TASK DATA Block Start

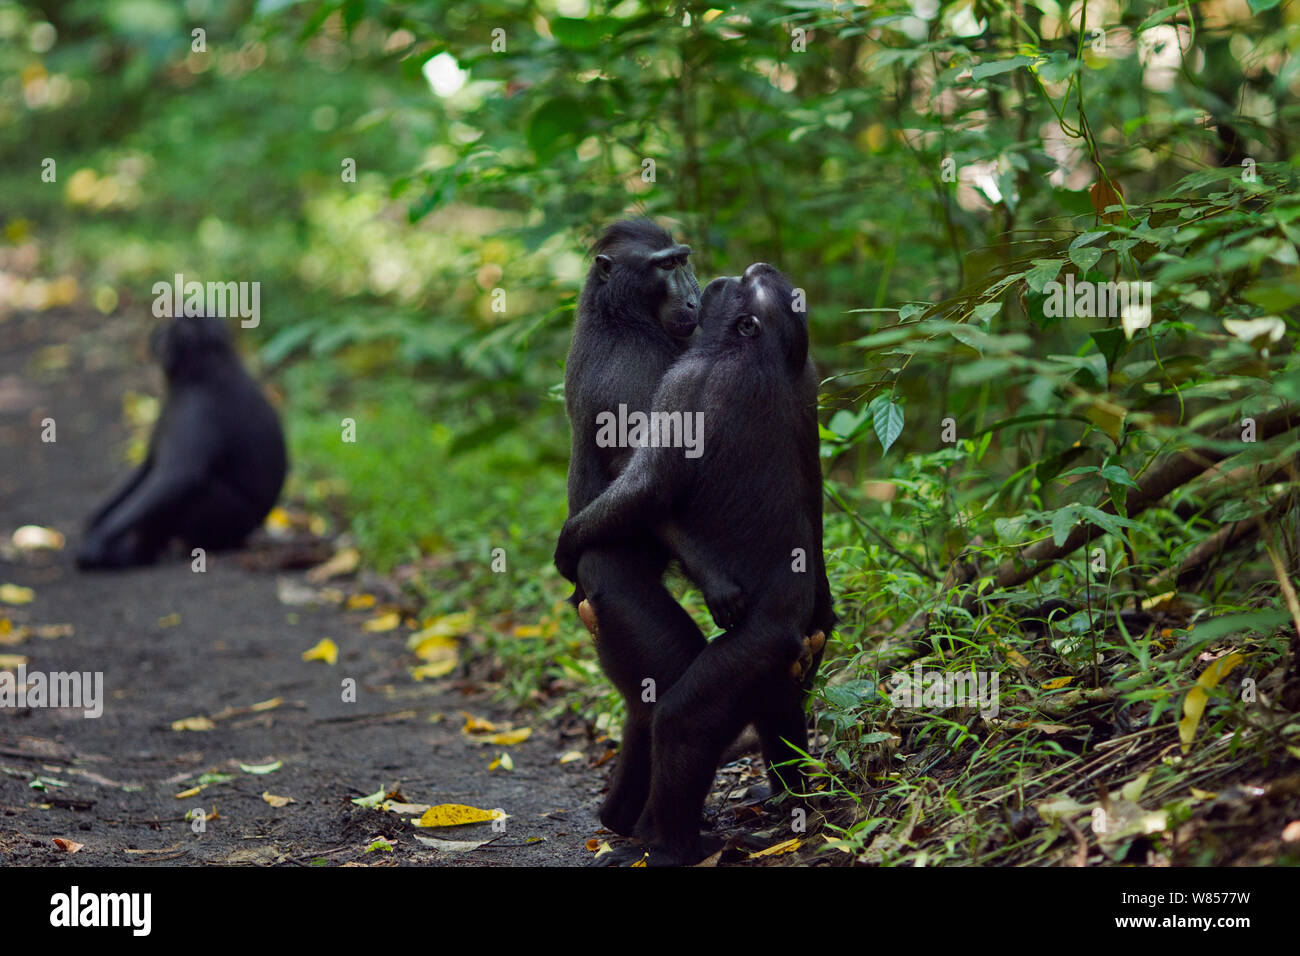 Celebes/Schwarz crested Makaken (Macaca nigra) Männer von den rivalisierenden Gruppen Begrüßung durch ständigen und umarmen, Tangkoko National Park, Sulawesi, Indonesien. Stockfoto
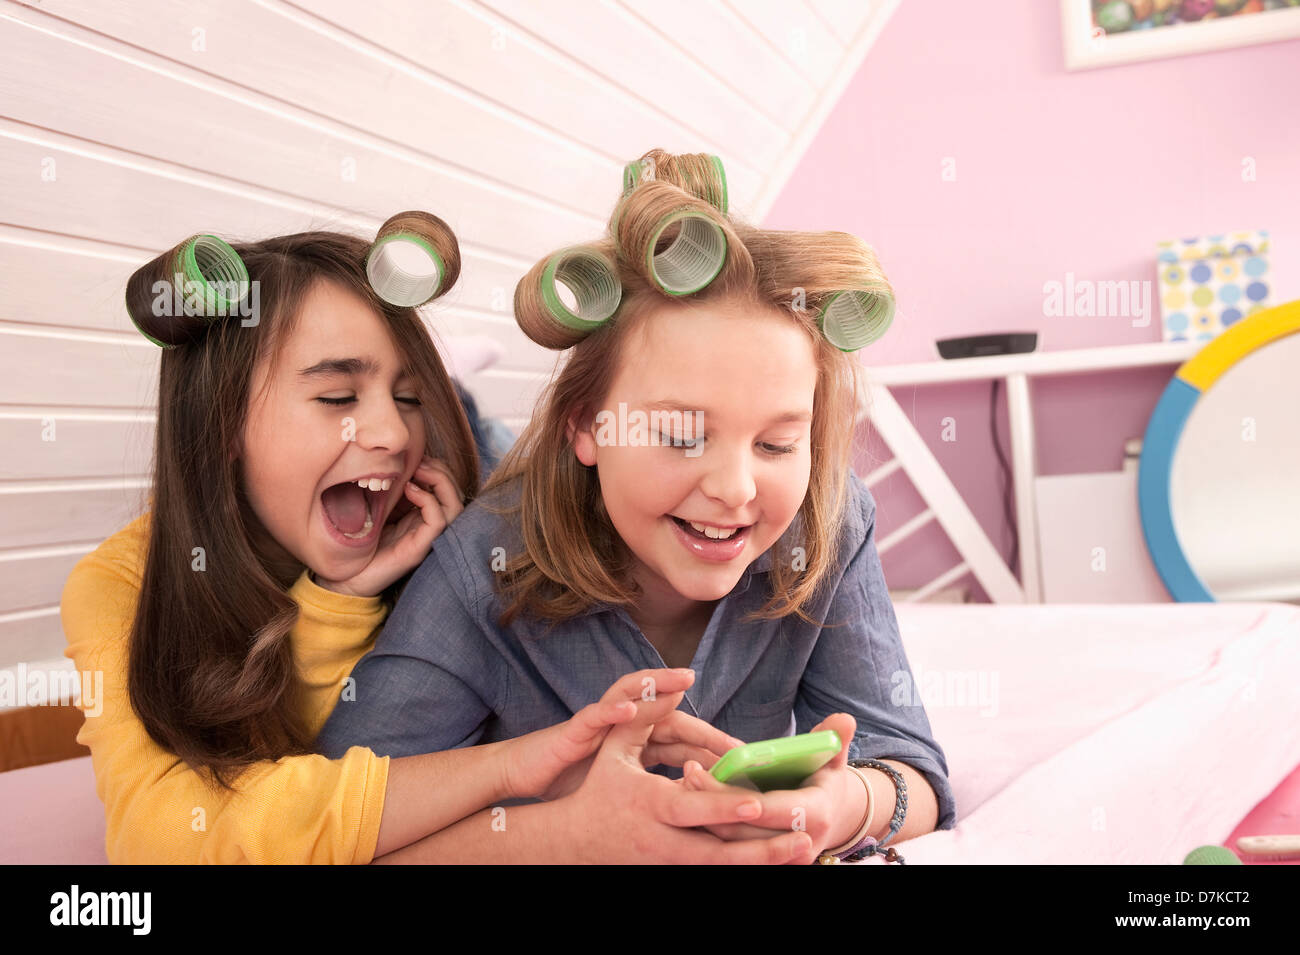 Mädchen mit Lockenwickler liegen und beobachtete Smartphone, Lächeln Stockfoto
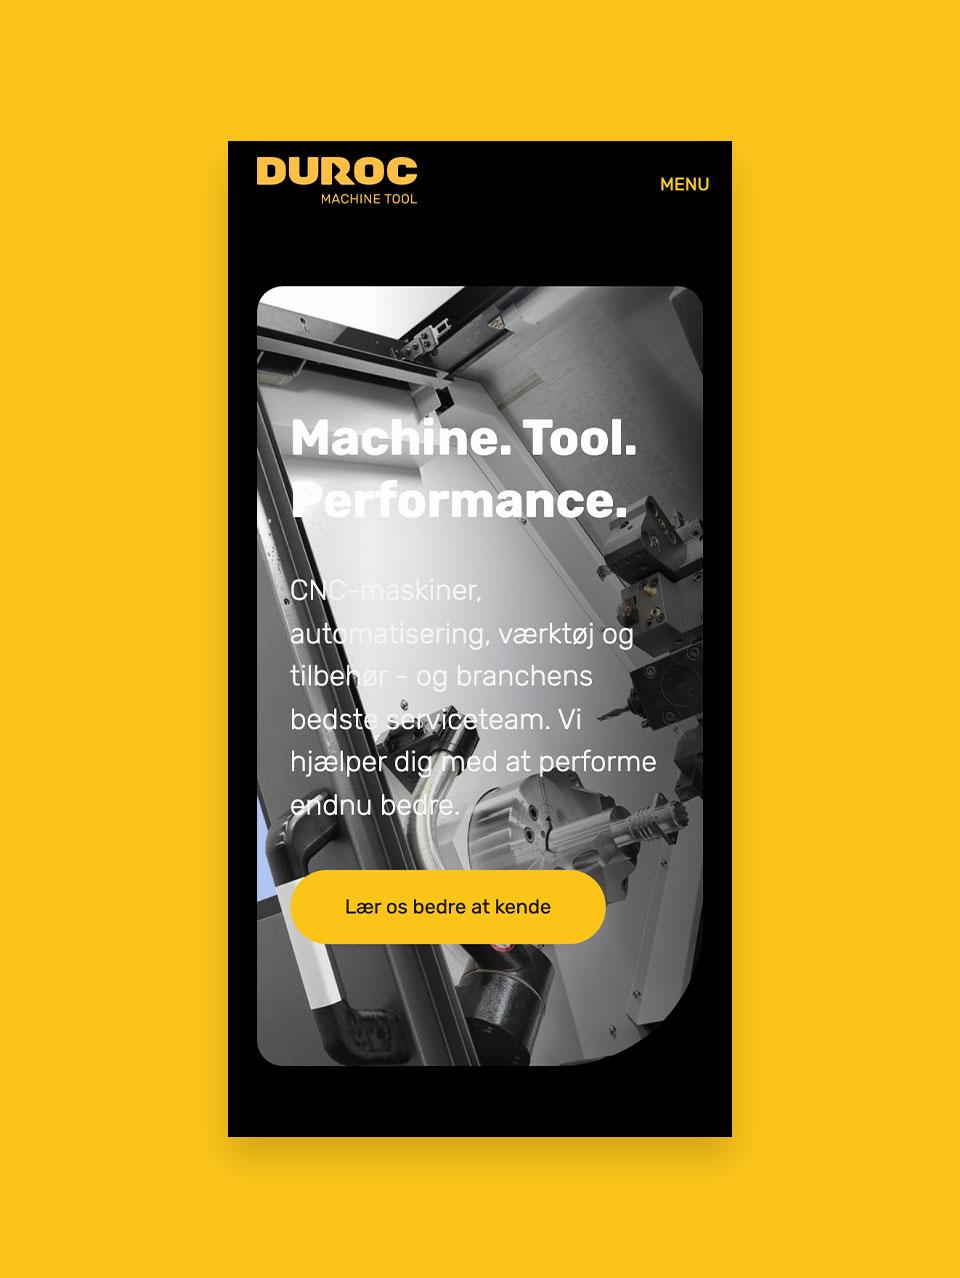 Mobilvisning af forsiden på Durocs nye hjemmeside
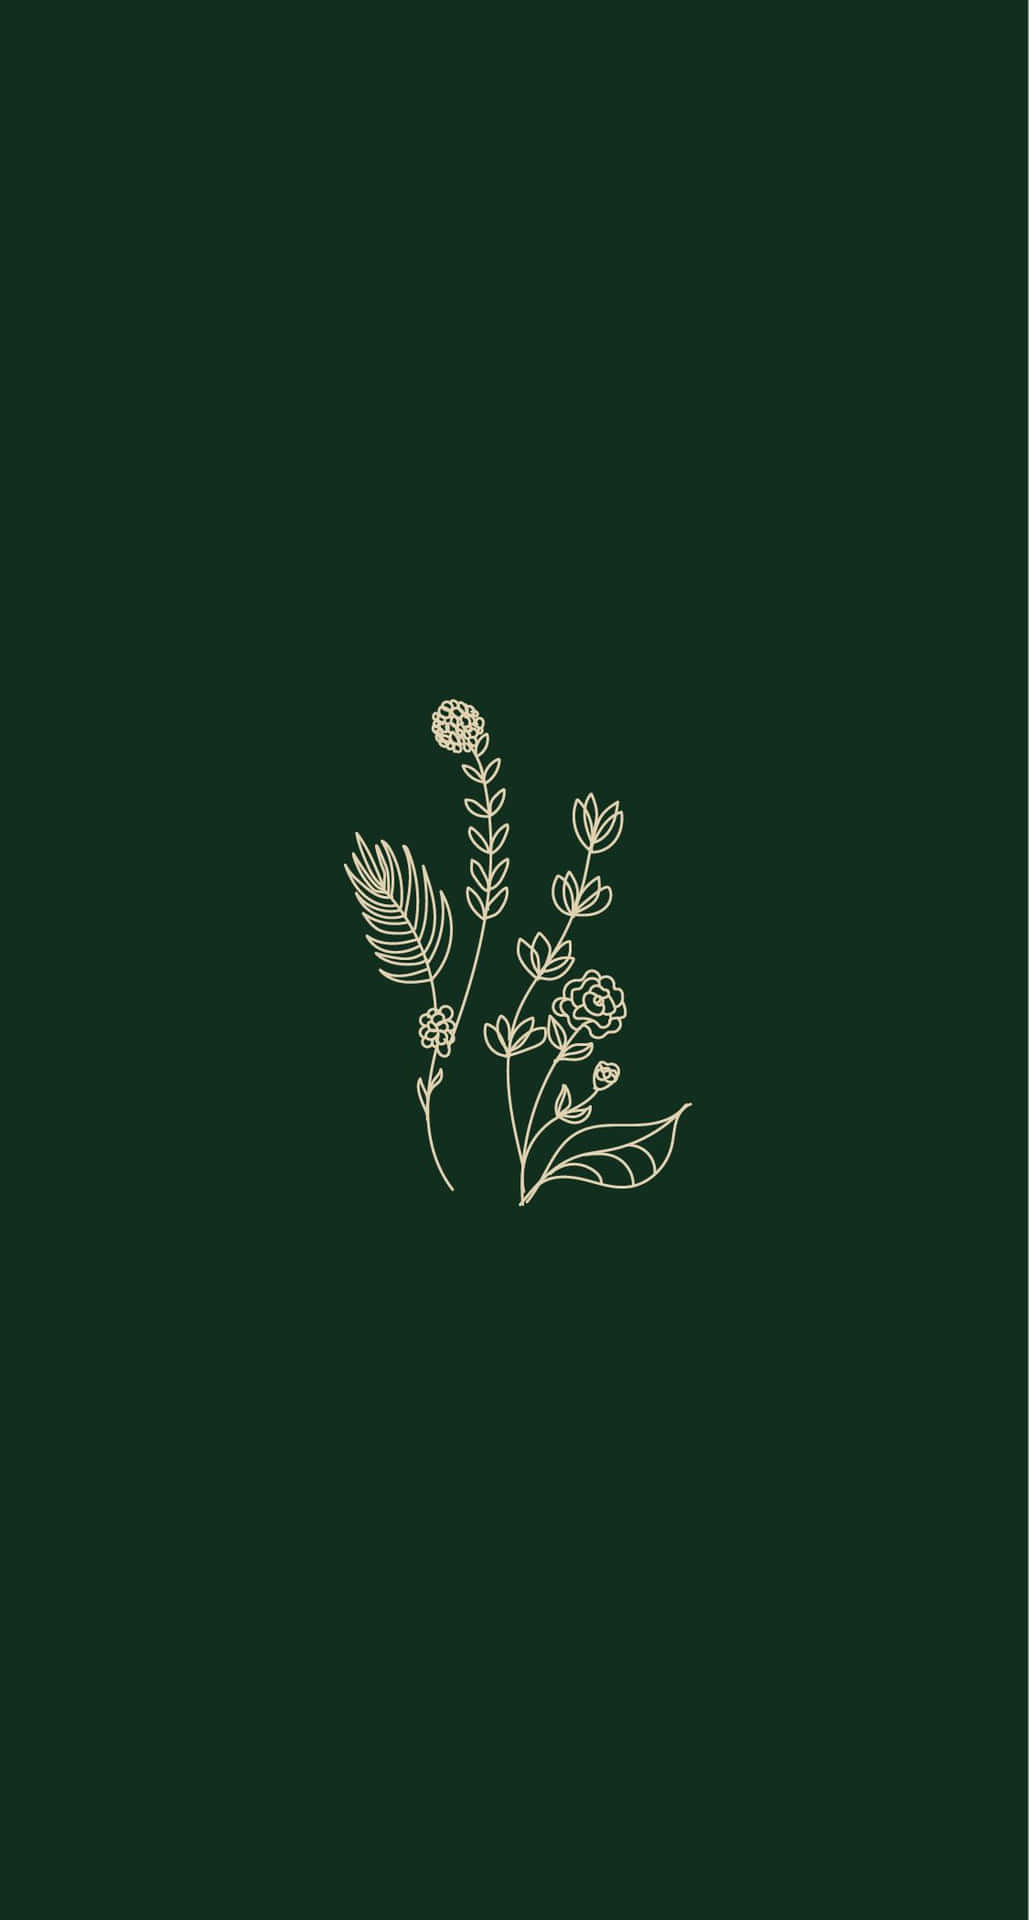 Olive Green Floral Illustration Wallpaper
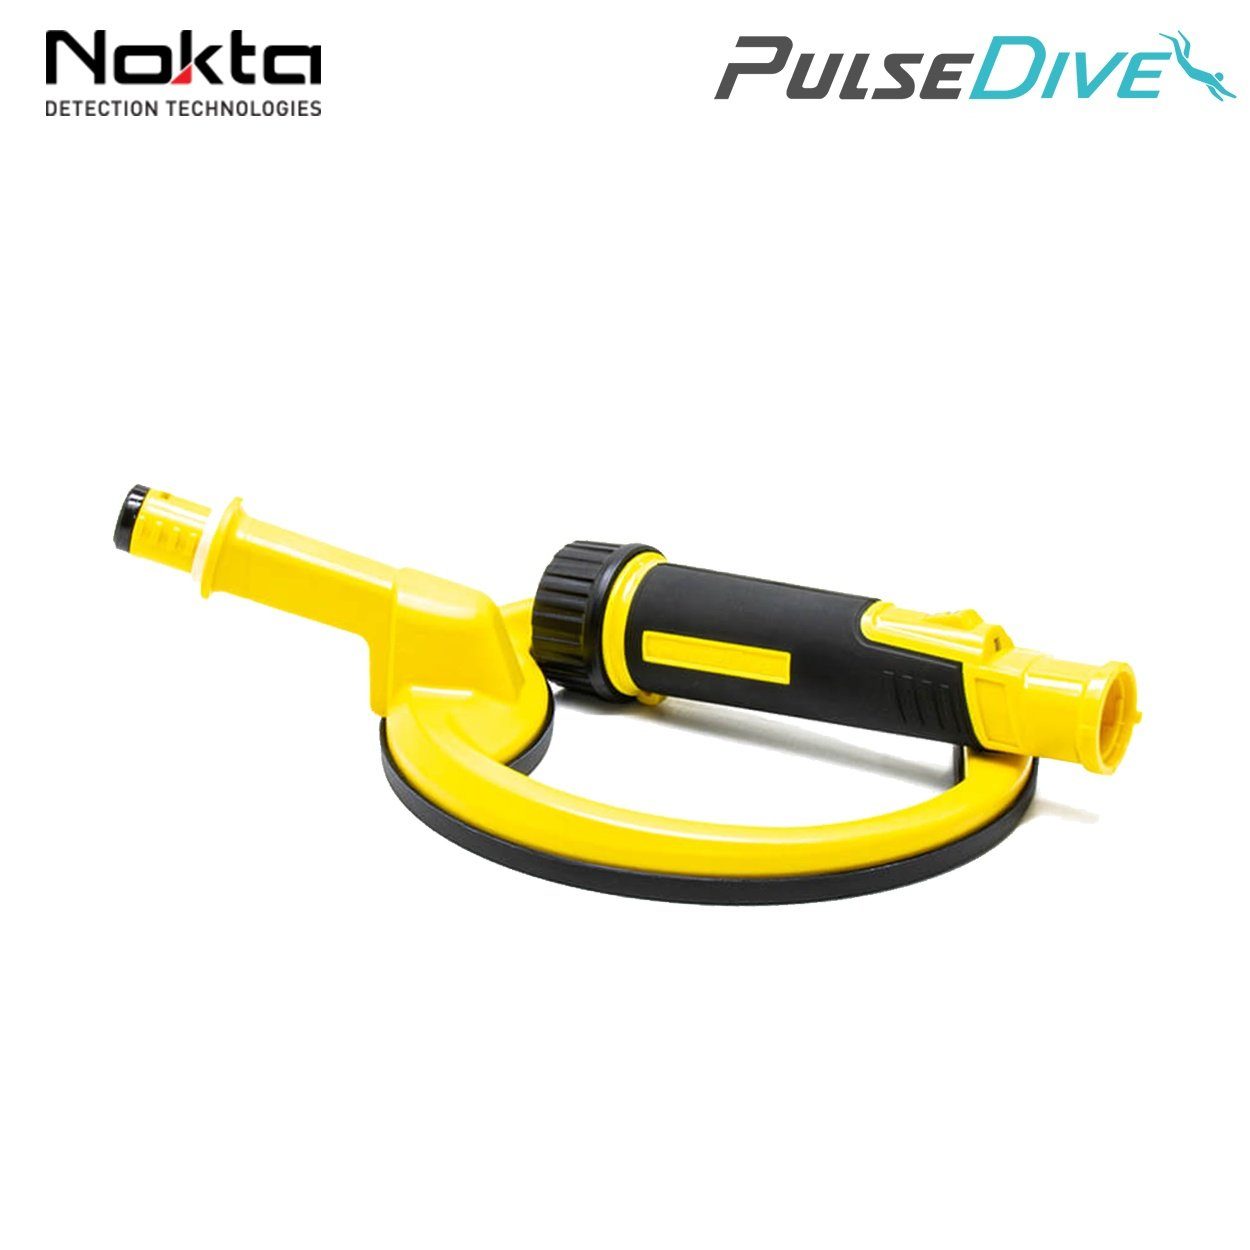 mit Nokta cm Detektor (gelb), Suchspule 20 Metalldetektor Unterwasser PulseDive

TASK DATA Block End

▶ **TASK REQUIREMENTS**:
Starting with the line that has "Olive Green Floral Illustration Wallpaper" and ending with the last line of the records, retype every line exactly and only those lines. Do not include the pictures.

▶ **FINISHED EXERCISE**:
 Olive Green Floral Illustration Wallpaper
 mit Nokta cm Detektor (gelb), Suchspule 20 Metalldetektor Unterwasser PulseDive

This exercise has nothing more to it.